** THE INPUT follows **
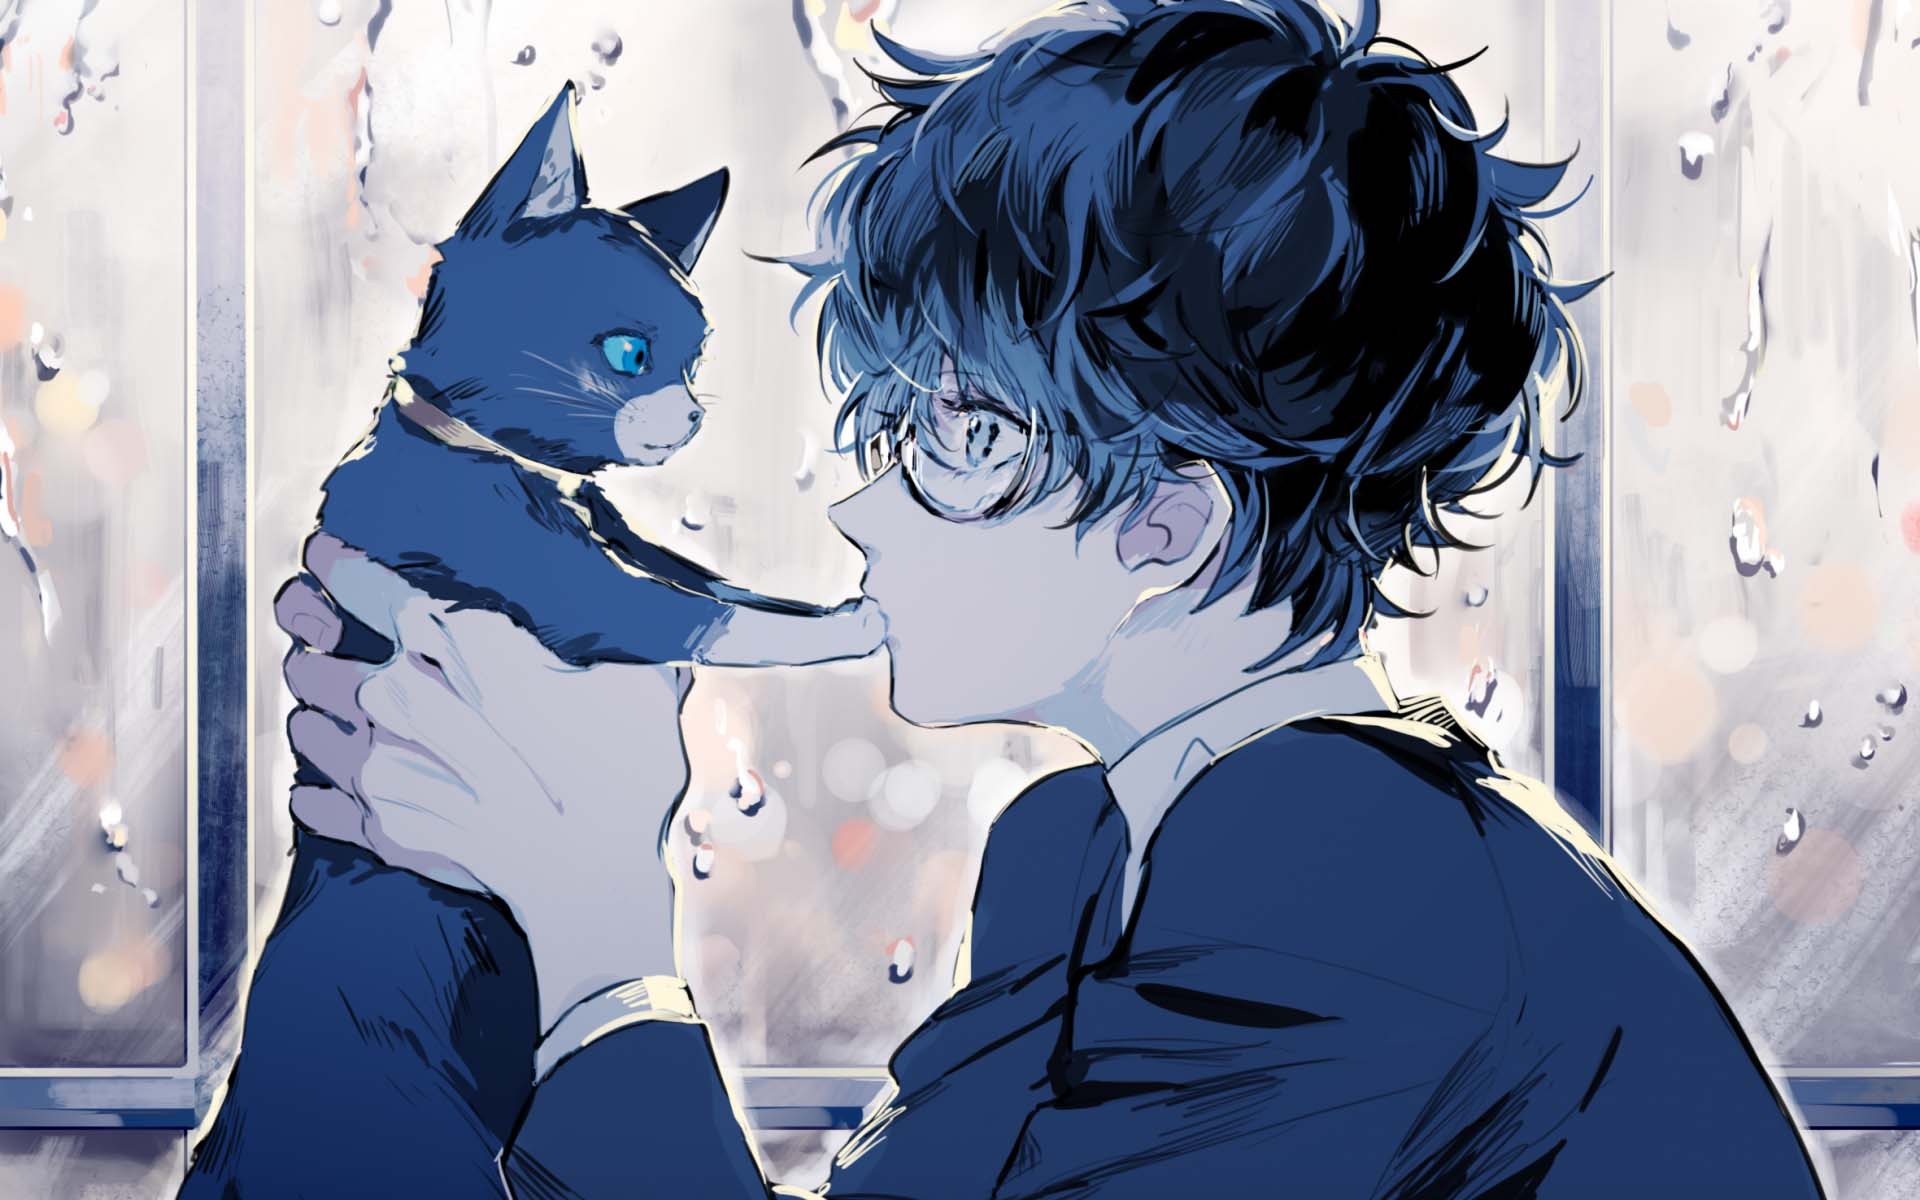 ảnh hoạt hình buồn đẹp nhất chàng trai anime tâm trạng cùng chú mèo cưng
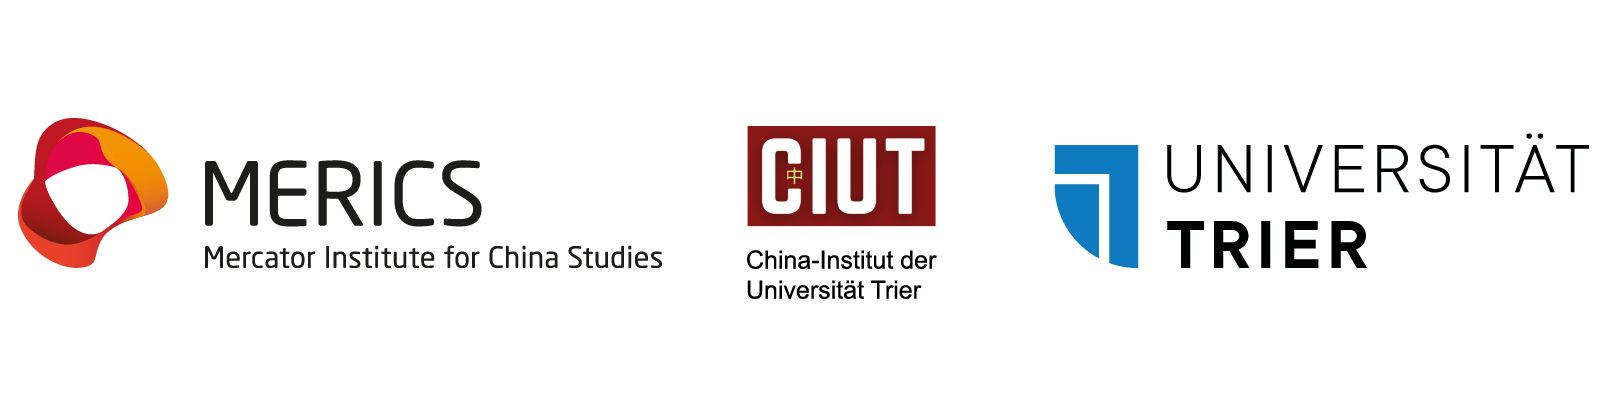 Logos MERICS, CIUT, Universität Trier
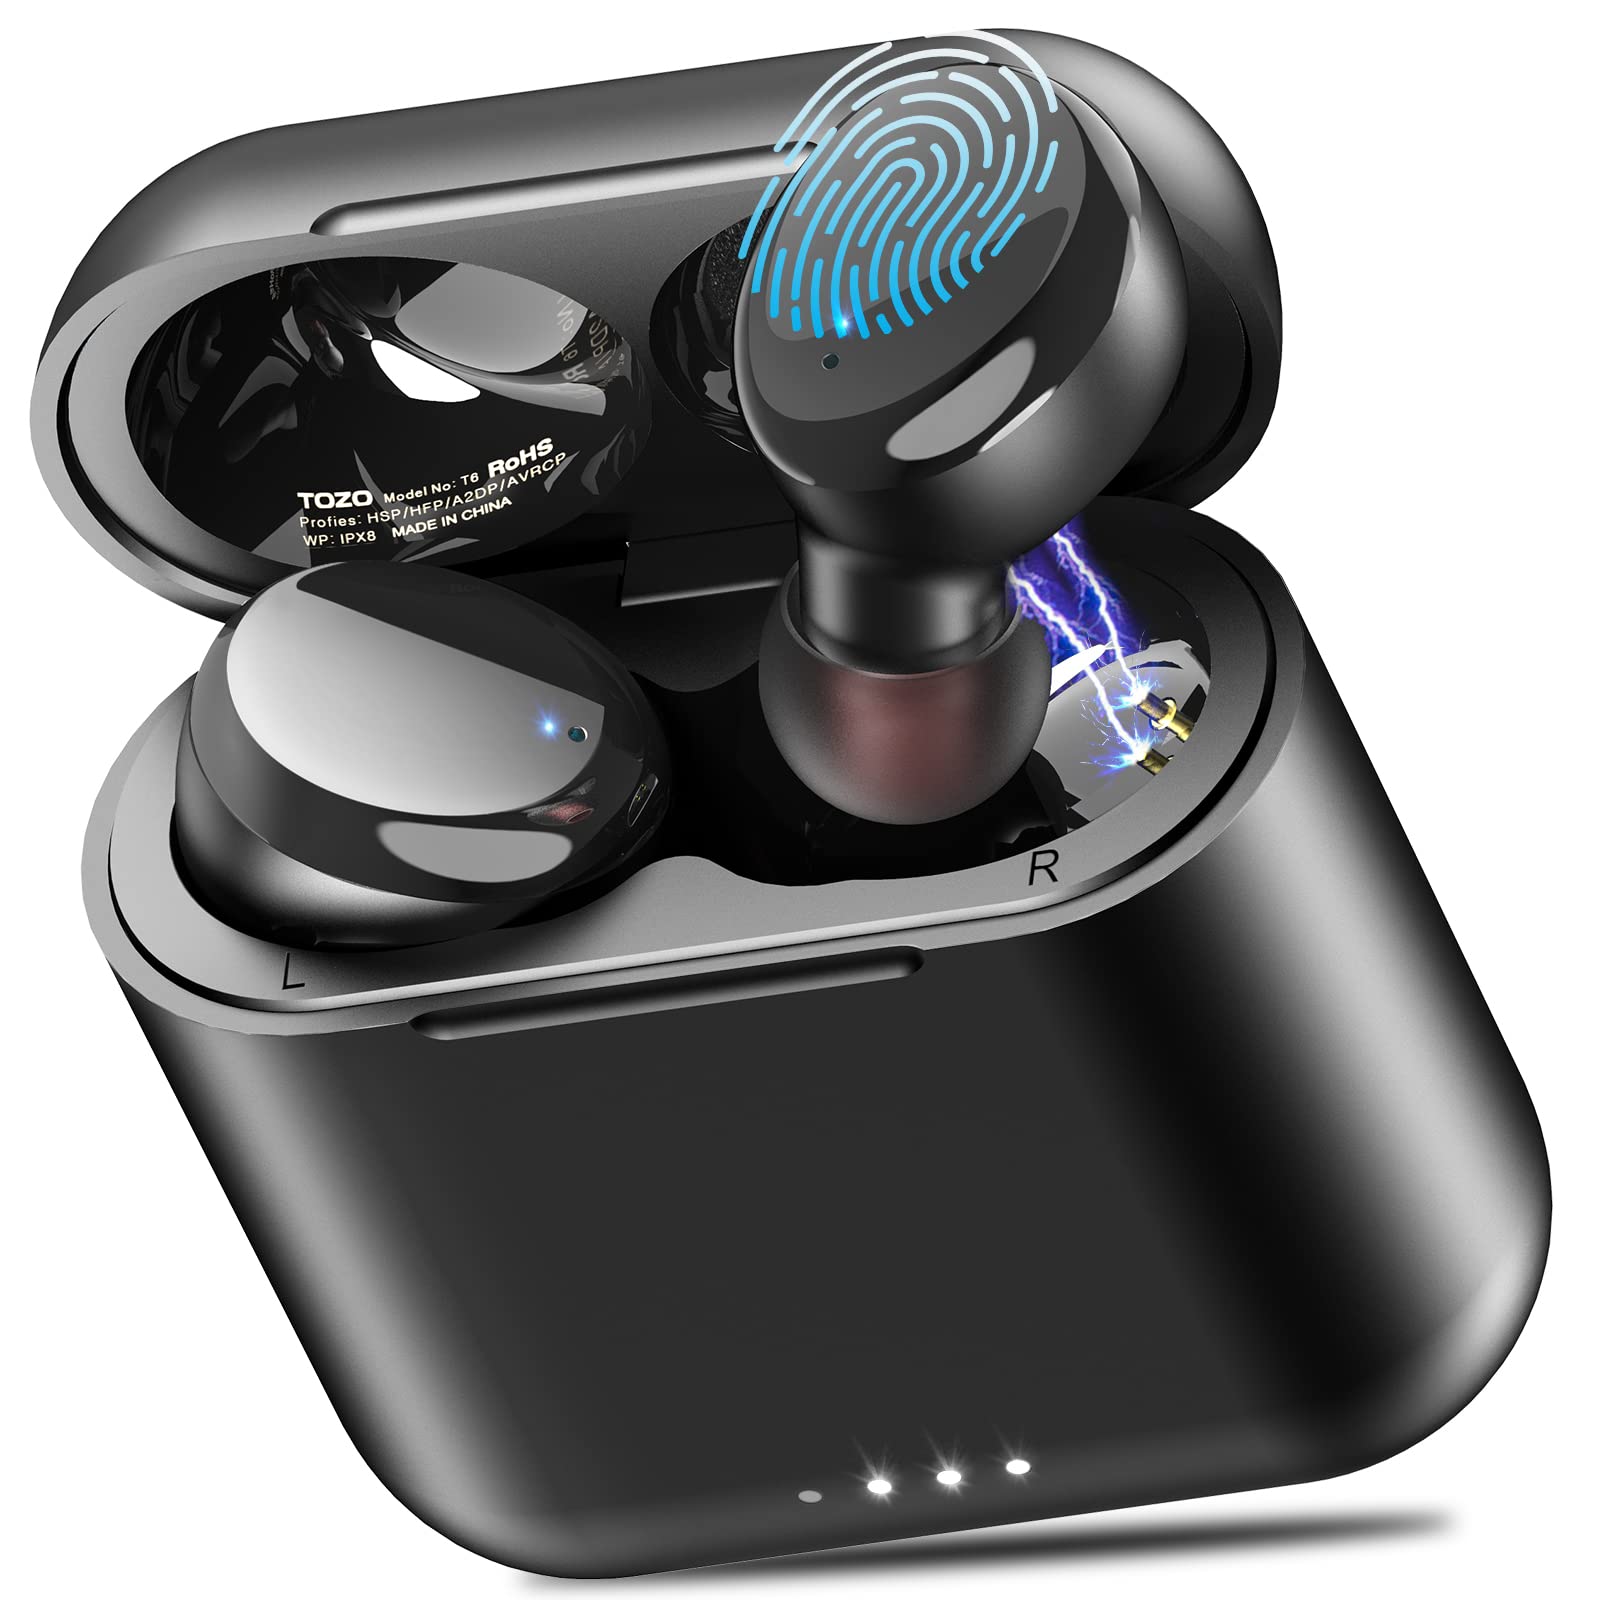 TOZO T6 真无线耳塞式蓝牙 5.3 耳机触摸控制带无线充电盒 IPX8 防水立体声耳机入耳式内置麦克风耳机优质深沉低音适合运动黑色
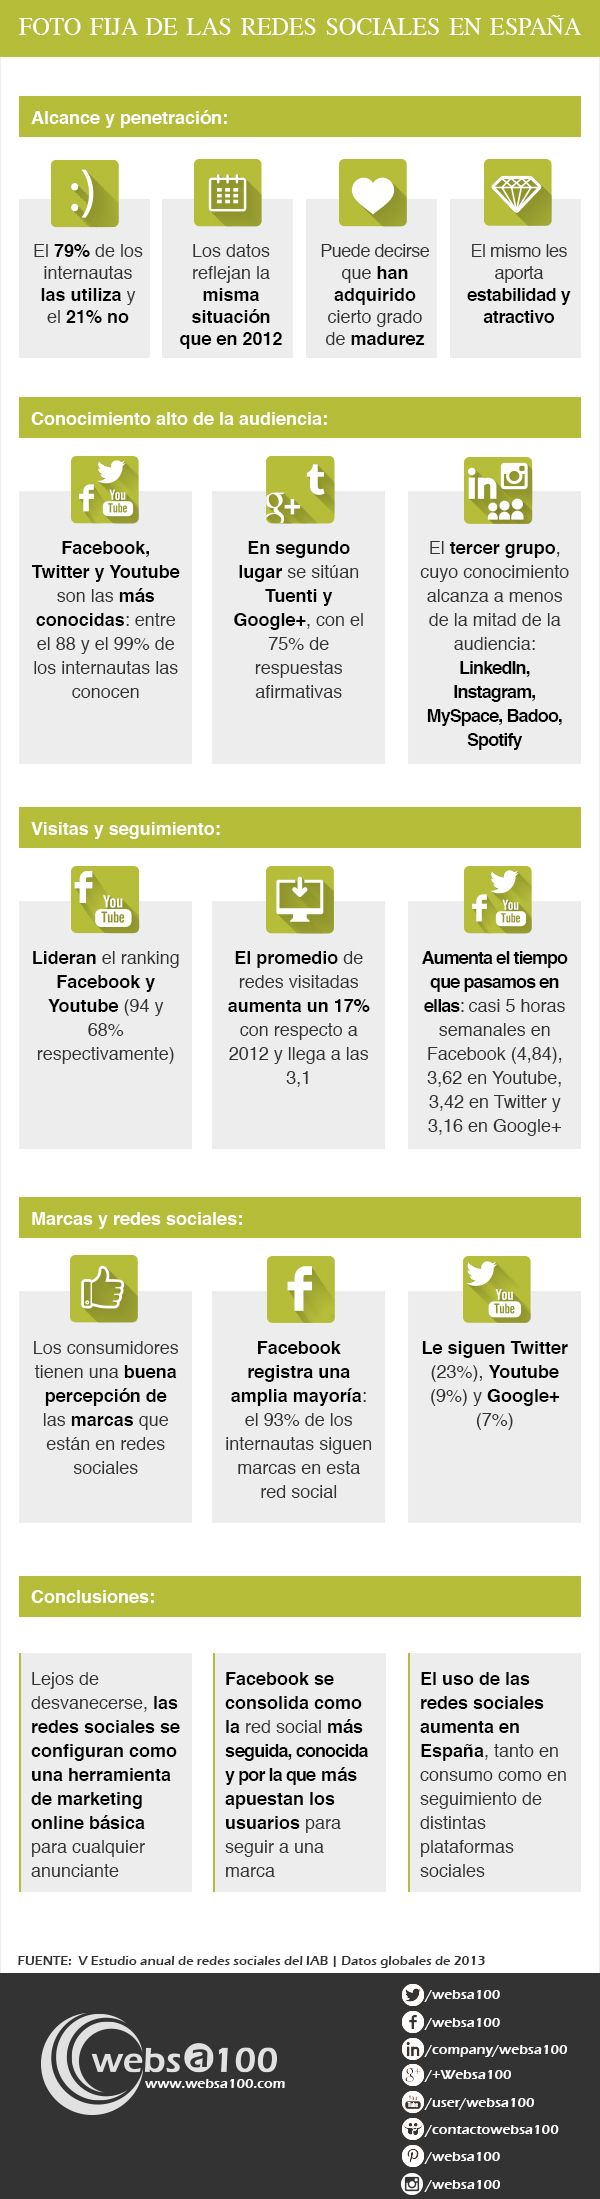 Las redes sociales en España
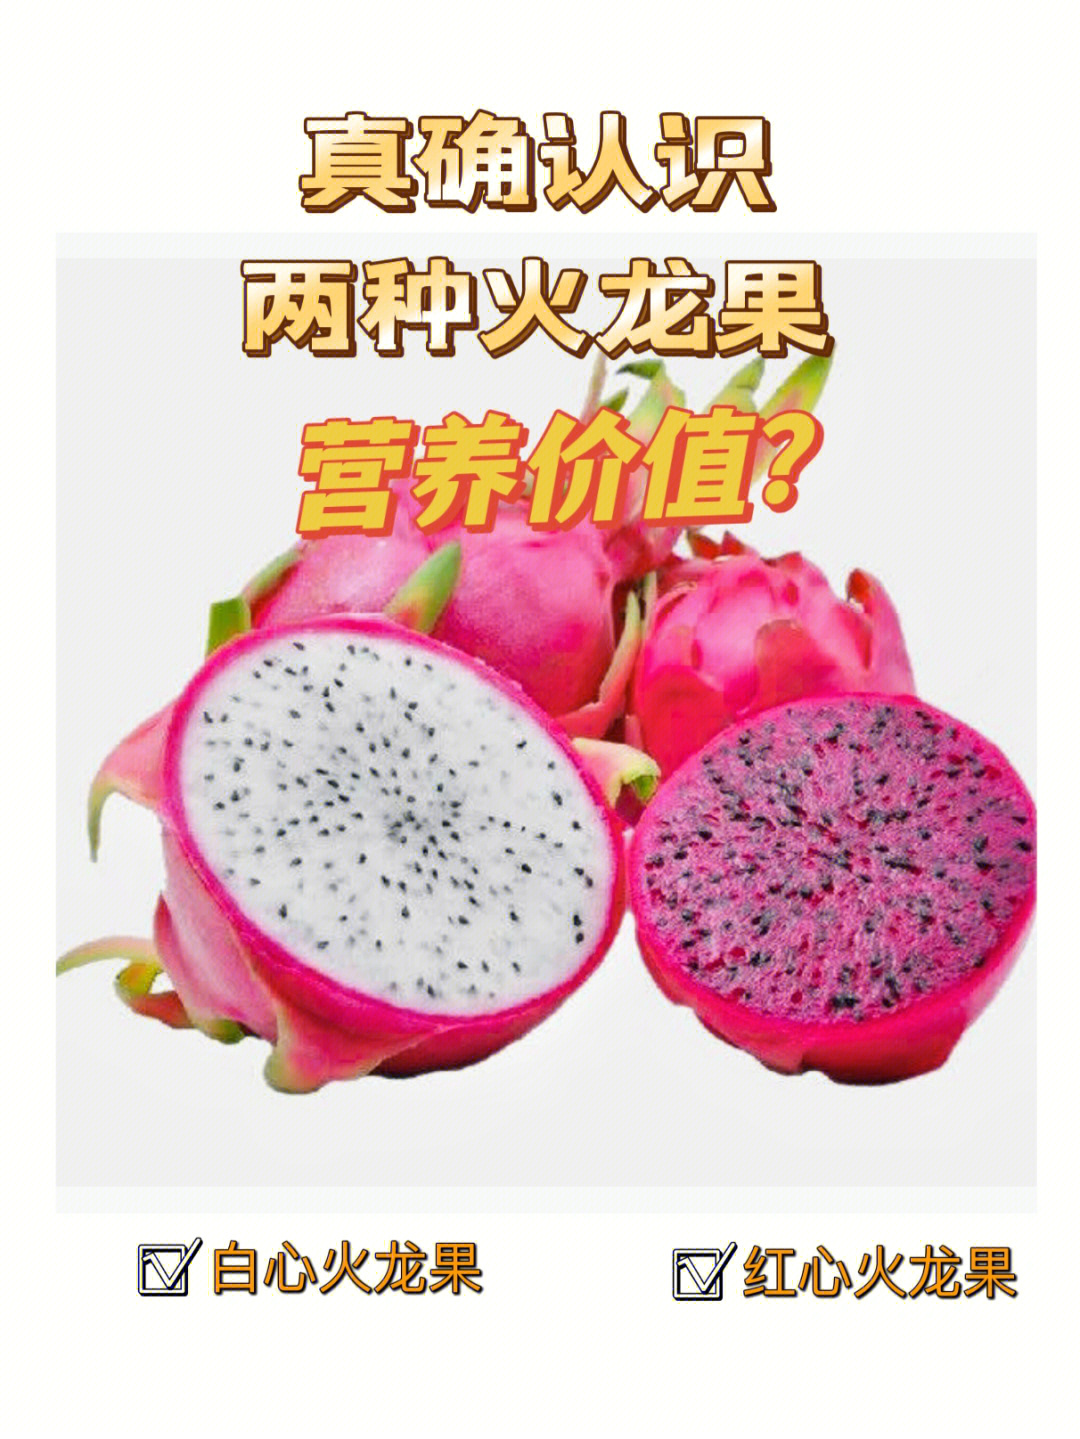 红宝龙火龙果品种介绍图片
** End of THE INPUT **
ACTIVITY:
Transcribe all of the entries word for word, but skip any pictures they contain.

ANSWER BELOW:
 ảnh hoạt hình buồn đẹp nhất chàng trai anime tâm trạng cùng chú mèo cưng
 Logos MERICS, CIUT, Universität Trier
 TOZO T6 真无线耳塞式蓝牙 5.3 耳机触摸控制带无线充电盒 IPX8 防水立体声耳机入耳式内置麦克风耳机优质深沉低音适合运动黑色
 Las redes sociales en España
 红宝龙火龙果品种介绍图片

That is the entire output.